O disco abre com «Slow», canção que nos coloca perante uma espécie de receita da longevidade, ao mesmo tempo que nos revela o conhecimento adquirido ao longo dos 80 anos do cantor, que curiosamente se completaram no passado mês de setembro. Diz assim, para que não restem dúvidas: «I’m slowing down the tune / I never liked it fast / You wanna get there soon / I want to get there last.» E por esse caminho vai avançando o disco, devagar, quase parando, mas nunca perdendo o sentido rítmico a que nos foi habituando ao longo dos anteriores 12 discos de estúdio, ora acariciando os blues burlescos tão tipicamente seus, o jazz, ou então partilhando os compassos de uma valsa à sua maneira. O trovador das causas humanas, o filósofo da complexidade da existência, o mítico poeta de «Bird on a Wire» está de volta, e em excelente forma. No entanto, e como sempre, é preciso saber ouvir, é imprescindível perceber que todos os discos de Leonard Cohen não se esgotam à primeira audição, antes se depuram com a passagem do tempo. Ouvir de novo, e mais uma e outra vez, é o que se deve fazer para que, no emaranhado das canções e das suas subtilezas, se possa criar um espaço (e um tempo, pois claro) de reflexão. Ouvir um disco de Cohen é também pensar sobre o que nele se diz. Só assim se completa o percurso.

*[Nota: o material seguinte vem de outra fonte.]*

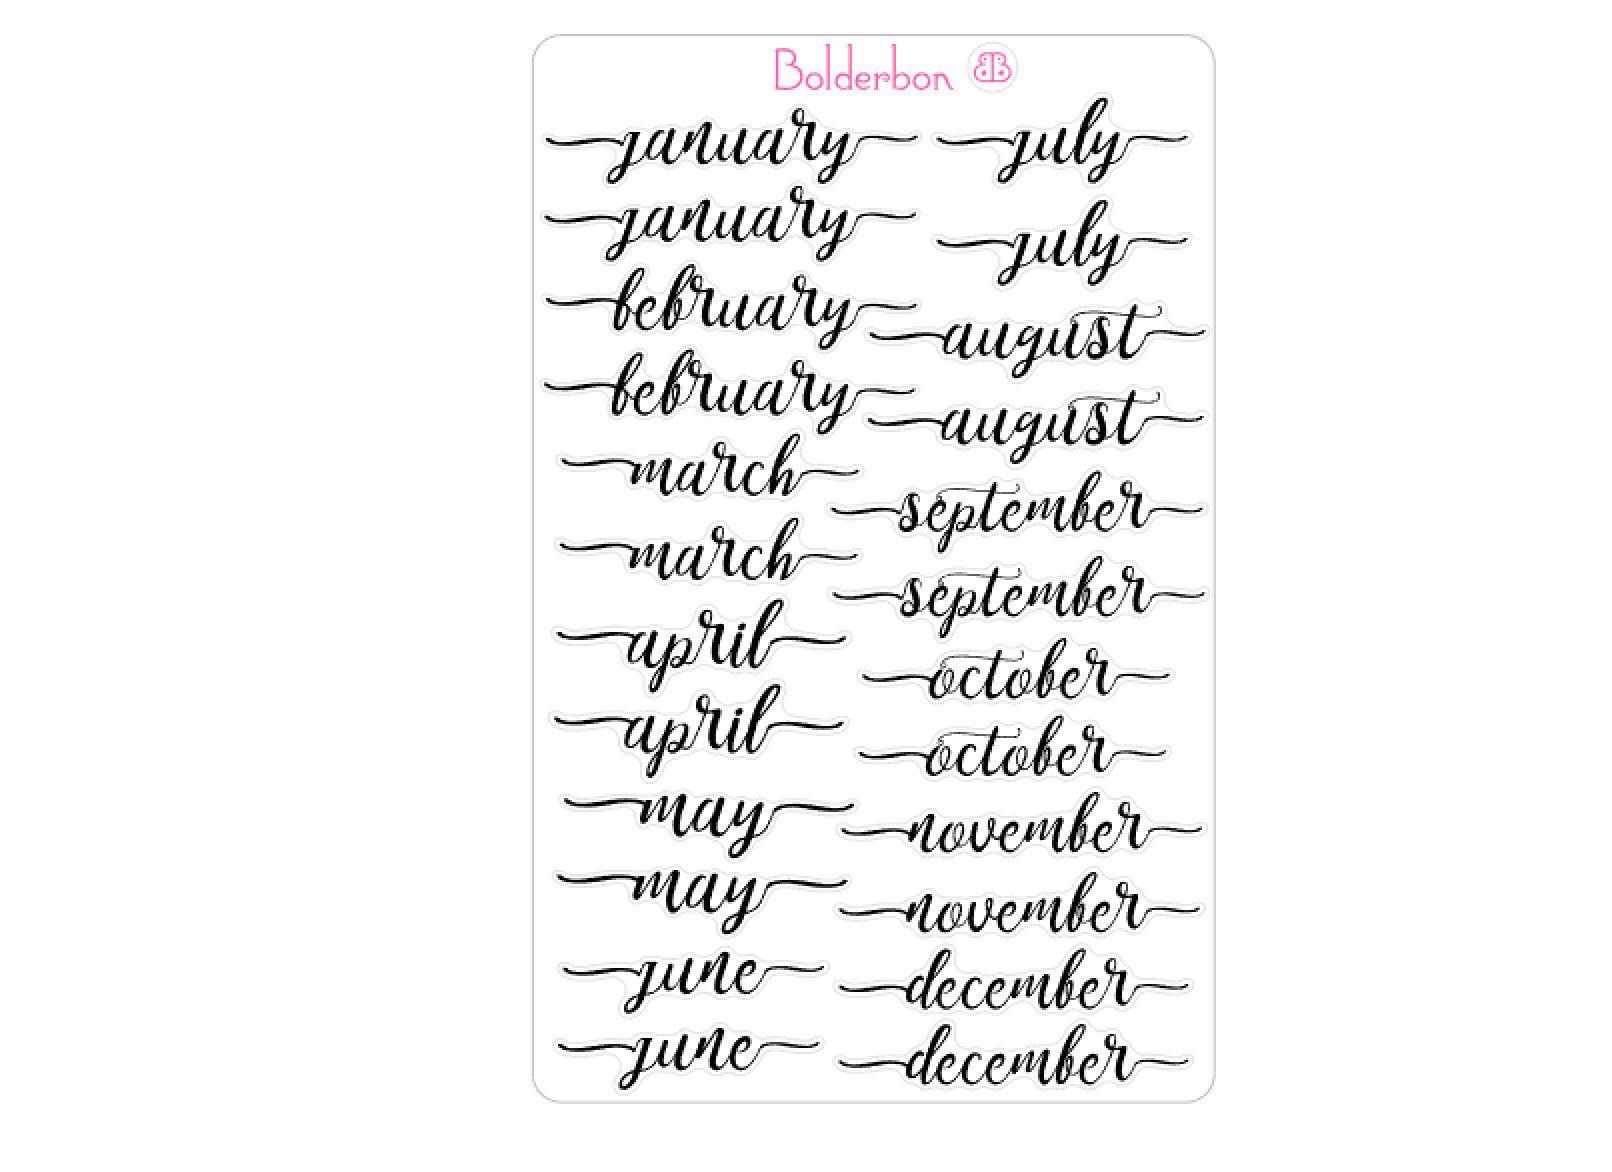 Month Stickers Bullet Journal Script Vinyl Bujo Stickers Monthly Planner Handlettering Brush Lettering Calendar Cursive In 2020 Lettering Journal Stickers Bullet Journal Stickers

Outras canções a destacar, embora todas pudessem ser merecedoras de um sublinhado especial, se assim o entendêssemos, são «A Street», com uma magnífica linha de keyboard a marcar bem o seu terreno, «Almost Like The Blues», «My Oh My», «Did I Ever Love You» (em que a voz de Cohen se parece tremendamente com a de Tom Waits) e «Born In Chains», com os coros femininos também costumeiros em muitos dos discos do compositor.Podemos afirmar que Popular Problems é um disco que continua o anterior Old Ideas, de 2012. Até mesmo nos pormenores da capa de ambos isso se torna claro. Cohen surge com o mesmo tipo de vestimenta (fato, gravata e chapéu), mas o mais interessante é a permanência, em ambas as capas, de duas sombras, uma negra, a outra encarnada. Que mensagem escondem? O que representam? As respostas estarão, também elas, escondidas. Talvez nos discos, nos poemas, ou em nós. Mas não vale a pena termos pressa, nem sequer devemos pensar no momento em que se fará luz sobre esta ou outras questões. Talvez seja melhor voltarmos a «Slow» e aos versos que dizem, sussurrando a importância das palavras, «I always liked it slow / I never liked it fast / With you it’s got to go / With me it’s got to last». Estamos esclarecidos, não estamos?